Barahona María-José, Sucunza Nuria, Resmini Eugenia, Fernández-Real José-Manuel, Ricart Wifredo, Moreno-Navarrete José-María, Puig Teresa, Farrerons Jordi, Webb Susan M
Department of Endocrinology, Hospital Mútua de Terrassa, Pl Dr Robert 5, 08221 Terrassa, Barcelona, Spain.
J Clin Endocrinol Metab. 2009 Sep;94(9):3365-71. doi: 10.1210/jc.2009-0766. Epub 2009 Jun 9.
Although increased central fat mass is characteristic of active Cushing's syndrome (CS), little is known about body composition and secretion of adipokines after long-term recovery of CS. The aim of this study was to evaluate central fat mass and its correlation with adipokines and cardiovascular risk factors in patients after long-term remission of CS.

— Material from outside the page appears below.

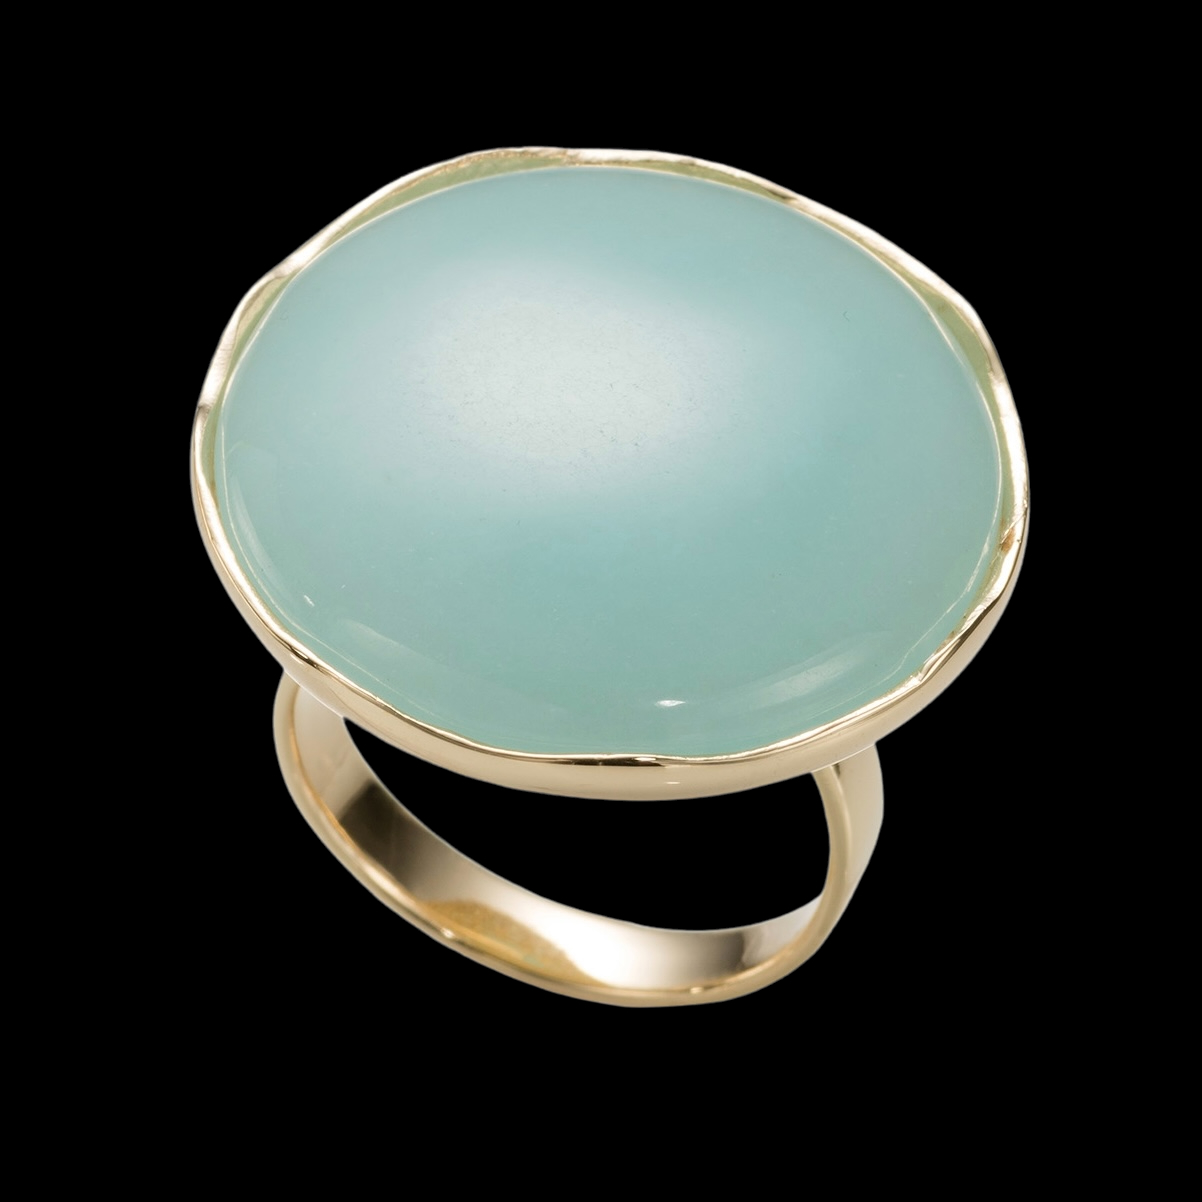 Gold plated ring with a turquoise quartz stone

Thirty-seven women with CS in remission (27 of pituitary and 10 of adrenal origin; mean age, 50 +/- 14 yr; mean time of hormonal cure, 11 +/- 6 yr) were enrolled and compared to 14 women with active CS and 85 gender-, age-, and body mass index-matched healthy controls. Total and trunk fat mass were measured by dual-energy x-ray absorptiometry scanning. Laboratory parameters and adipokine levels [including adiponectin, visfatin, soluble TNFalpha-receptor 1 (sTNF-R1), sTNF-R2, and IL-6] were measured.
Cured CS patients had more total and trunk fat mass than controls. Cured and active CS had higher levels of sTNF-R1 and IL-6 and lower adiponectin levels than controls. Higher insulin levels and blood pressure in both groups of CS patients and higher apolipoprotein B in cured CS were observed compared to controls. sTNF-R1 correlated positively with percentage of trunk fat mass and remained significant after adjusting for anthropometric parameters.
Despite long-term cure, patients who have suffered CS exhibit persistent accumulation of central fat, as in active hypercortisolemia, with the consequent unfavorable adipokine profile, leading to a state of low-grade inflammation. This situation determines a persistent and increased cardiovascular risk in these patients.
尽管中心性脂肪量增加是活动性库欣综合征(CS)的特征,但关于CS长期缓解后的身体组成和脂肪因子分泌情况知之甚少。本研究的目的是评估CS长期缓解患者的中心性脂肪量及其与脂肪因子和心血管危险因素的相关性。
纳入37例缓解期CS女性患者(垂体性27例,肾上腺性10例;平均年龄50±14岁;激素治愈平均时间11±6年),并与14例活动性CS女性患者和85例性别、年龄和体重指数匹配的健康对照进行比较。通过双能X线吸收法扫描测量全身和躯干脂肪量。检测实验室参数和脂肪因子水平[包括脂联素、内脂素、可溶性肿瘤坏死因子α受体1(sTNF-R1)、sTNF-R2和白细胞介素-6]。
治愈的CS患者全身和躯干脂肪量高于对照组。与对照组相比,治愈和活动性CS患者的sTNF-R1和白细胞介素-6水平较高,脂联素水平较低。与对照组相比,两组CS患者的胰岛素水平和血压较高,治愈的CS患者载脂蛋白B较高。sTNF-R1与躯干脂肪量百分比呈正相关,在调整人体测量参数后仍具有显著性。
尽管CS已长期治愈,但曾患CS的患者仍表现出中心性脂肪持续堆积,如同活动性高皮质醇血症一样,随之而来的是不利的脂肪因子谱,导致低度炎症状态。这种情况决定了这些患者持续且增加的心血管风险。